═════ Exercise data ═════
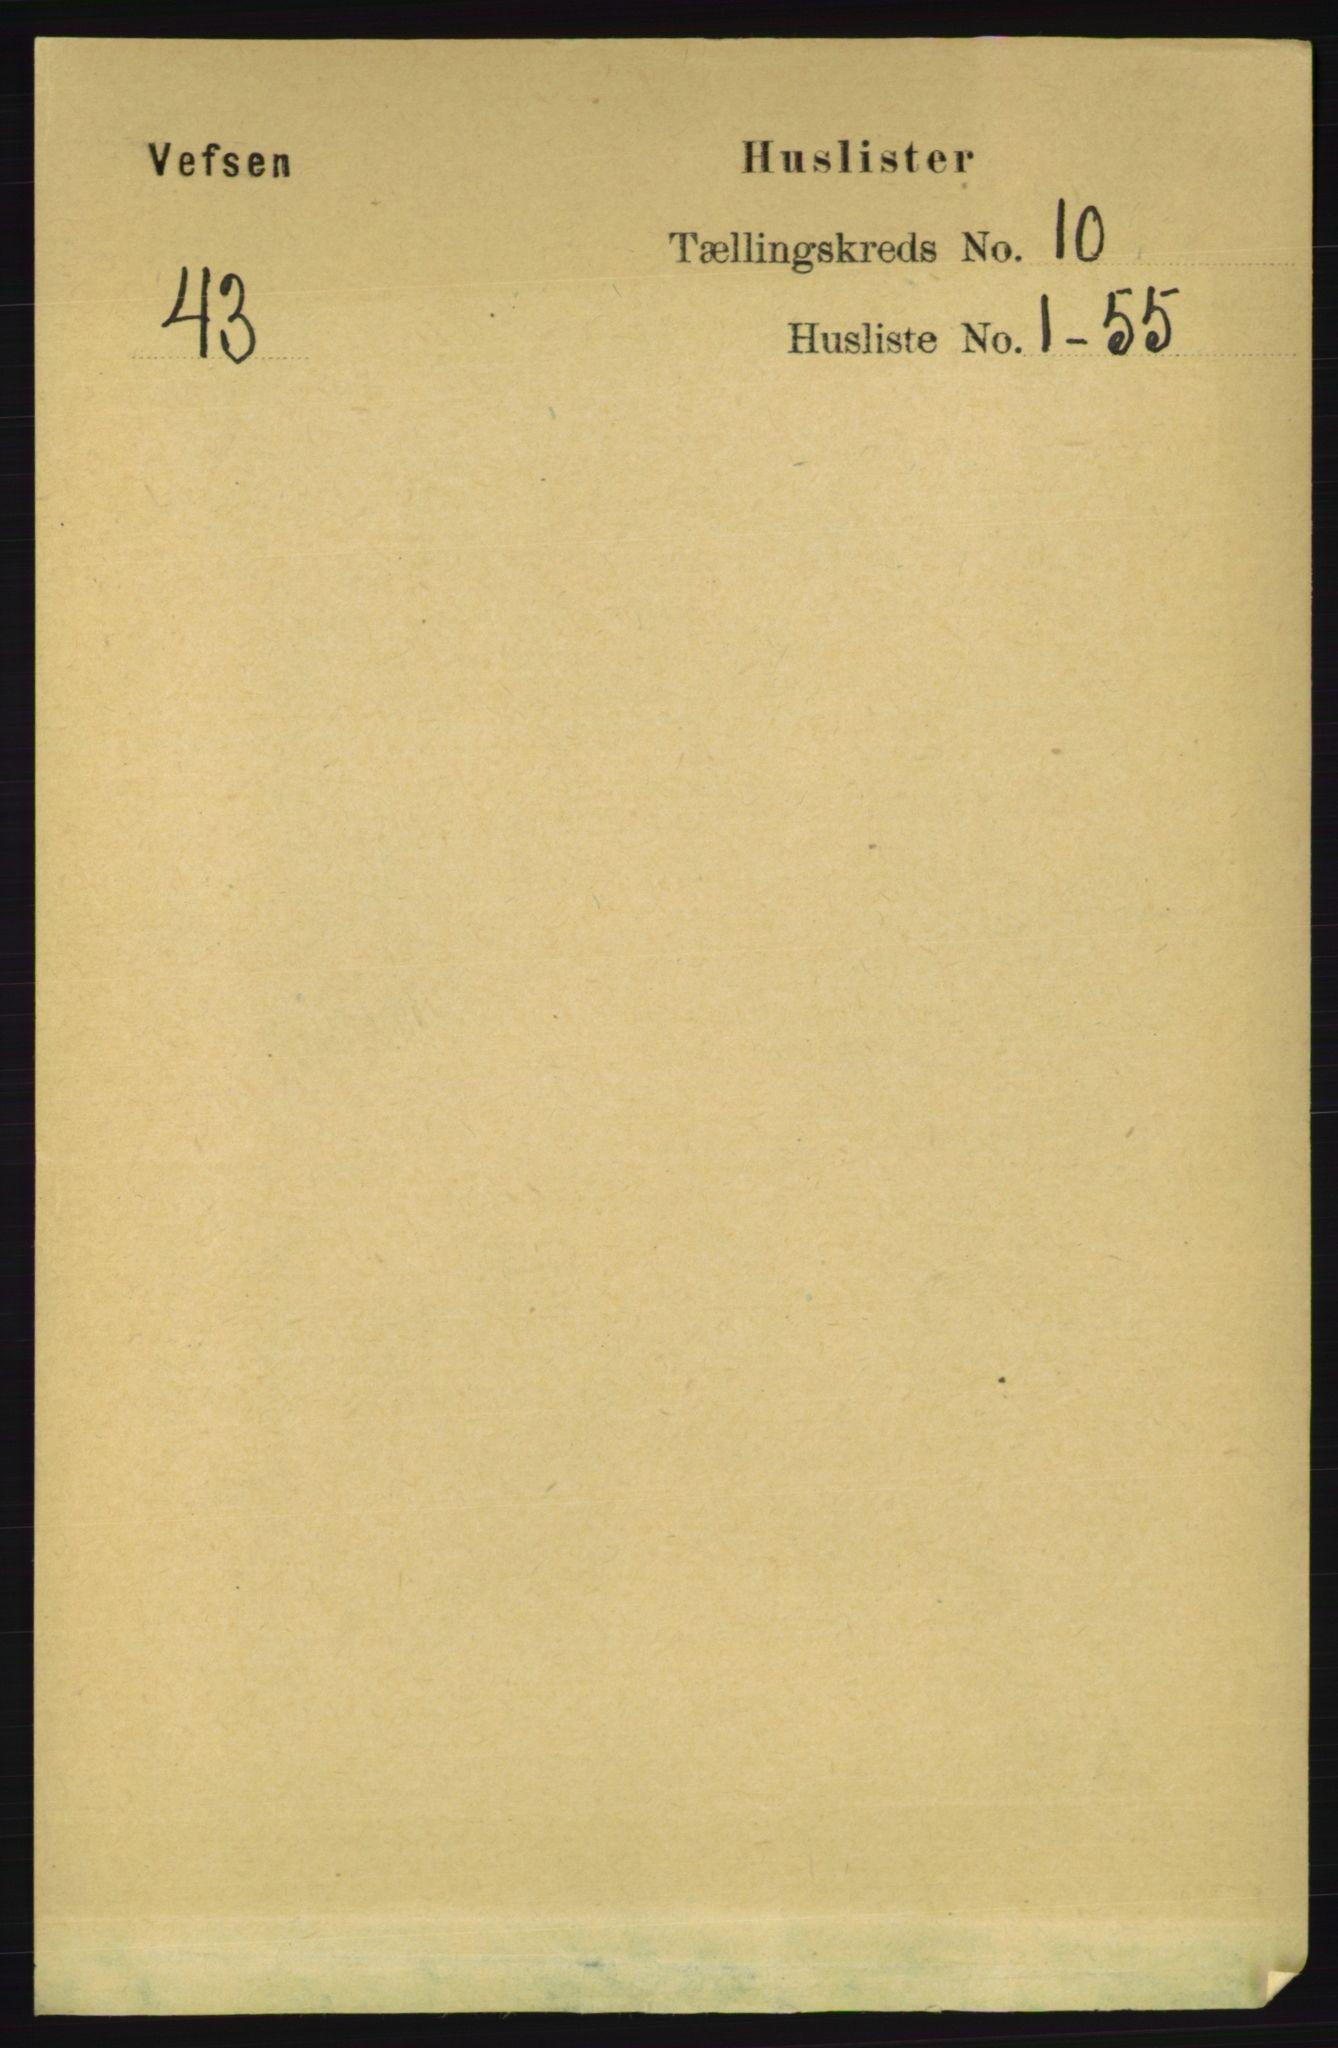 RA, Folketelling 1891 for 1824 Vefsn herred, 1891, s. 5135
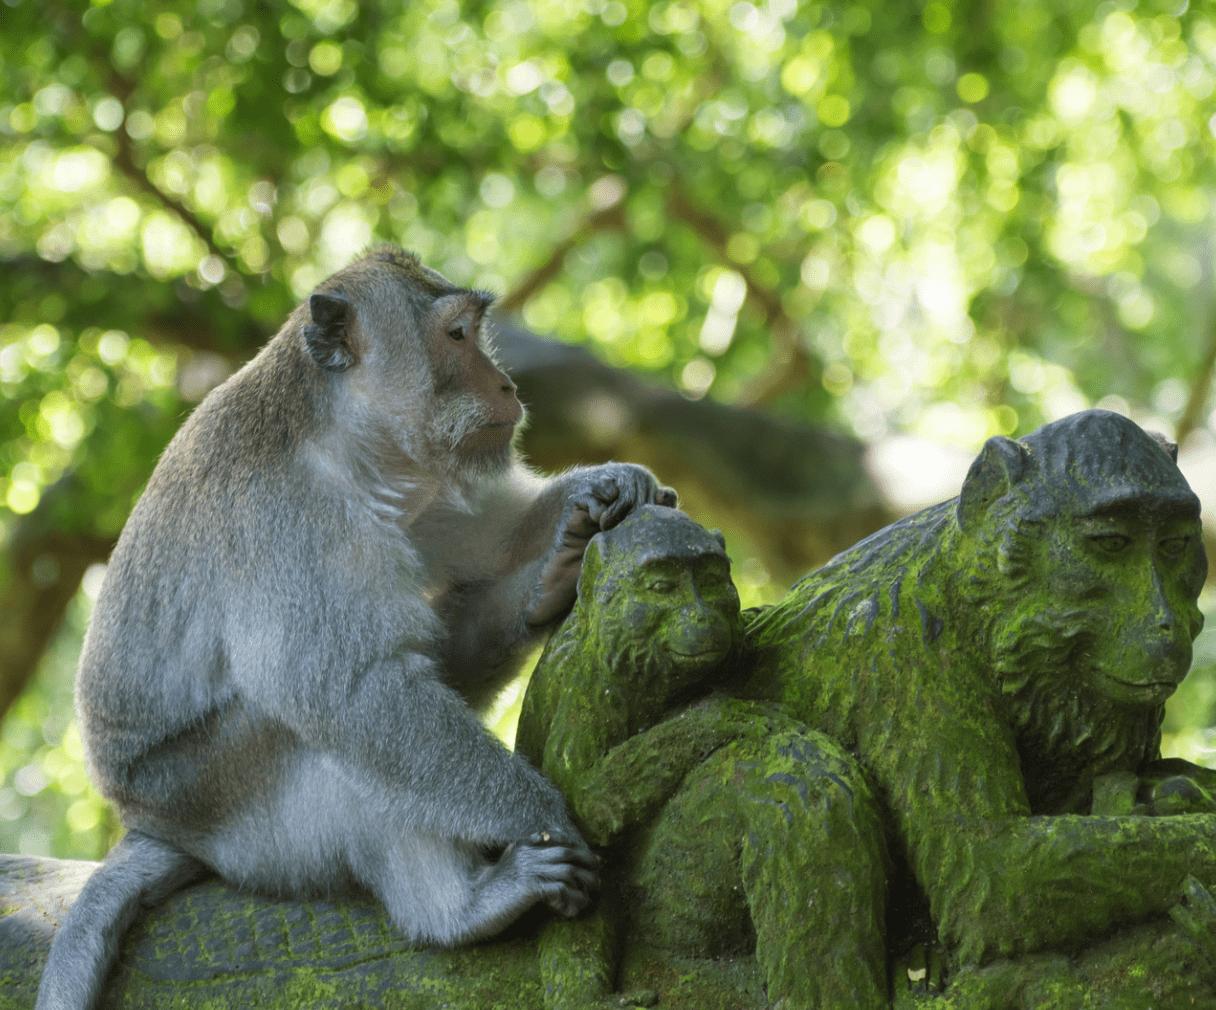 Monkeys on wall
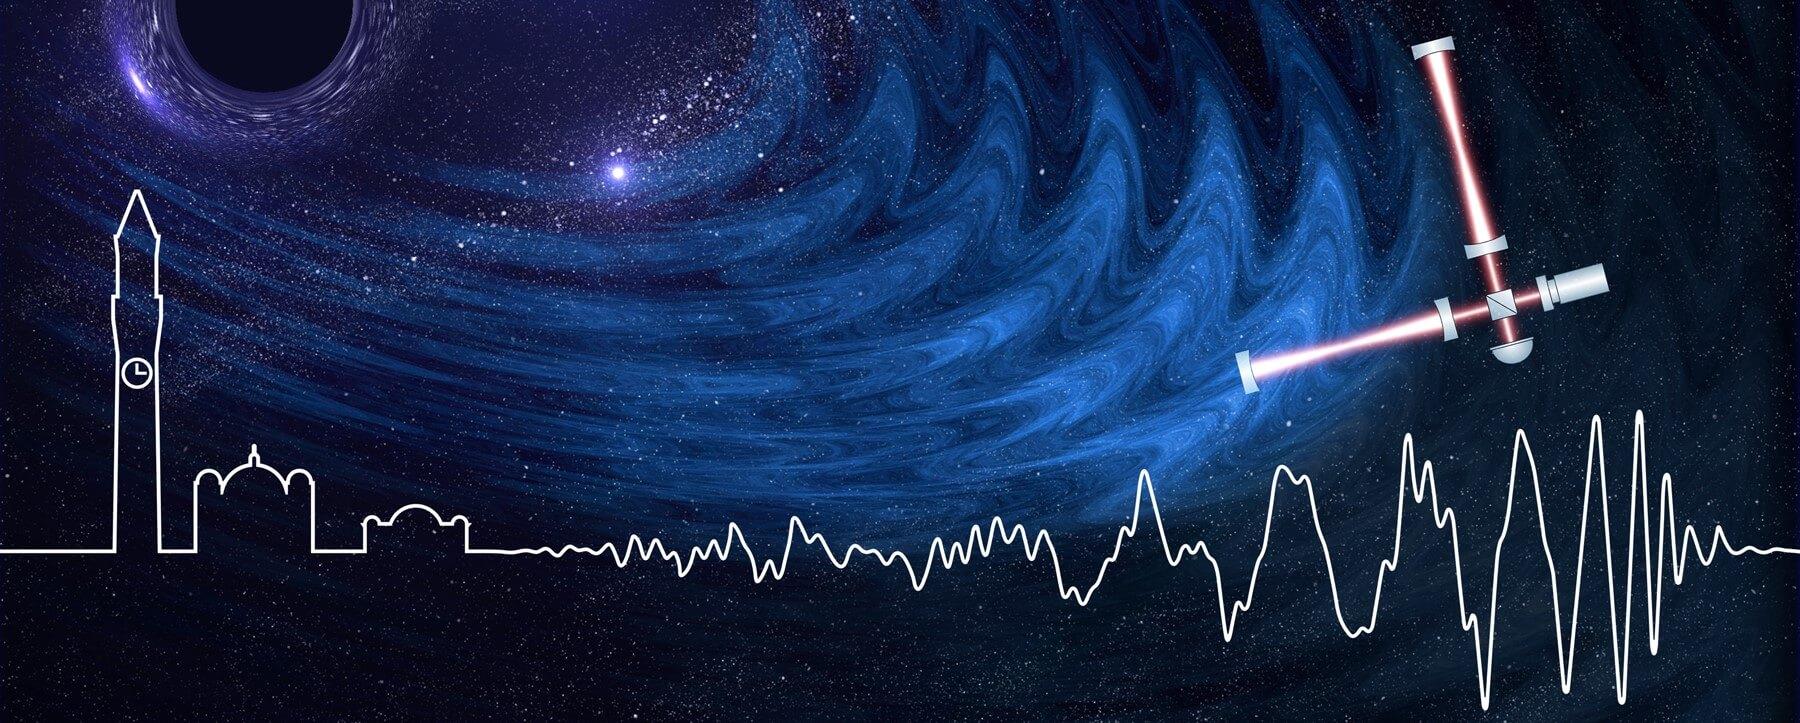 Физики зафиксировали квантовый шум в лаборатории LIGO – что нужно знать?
═════
Action item -
Every line of the material should be repeated precisely; pictures are to be excluded.

Solution for this task -
 RA, Folketelling 1891 for 1824 Vefsn herred, 1891, s. 5135
 Monkeys on wall
 Физики зафиксировали квантовый шум в лаборатории LIGO – что нужно знать?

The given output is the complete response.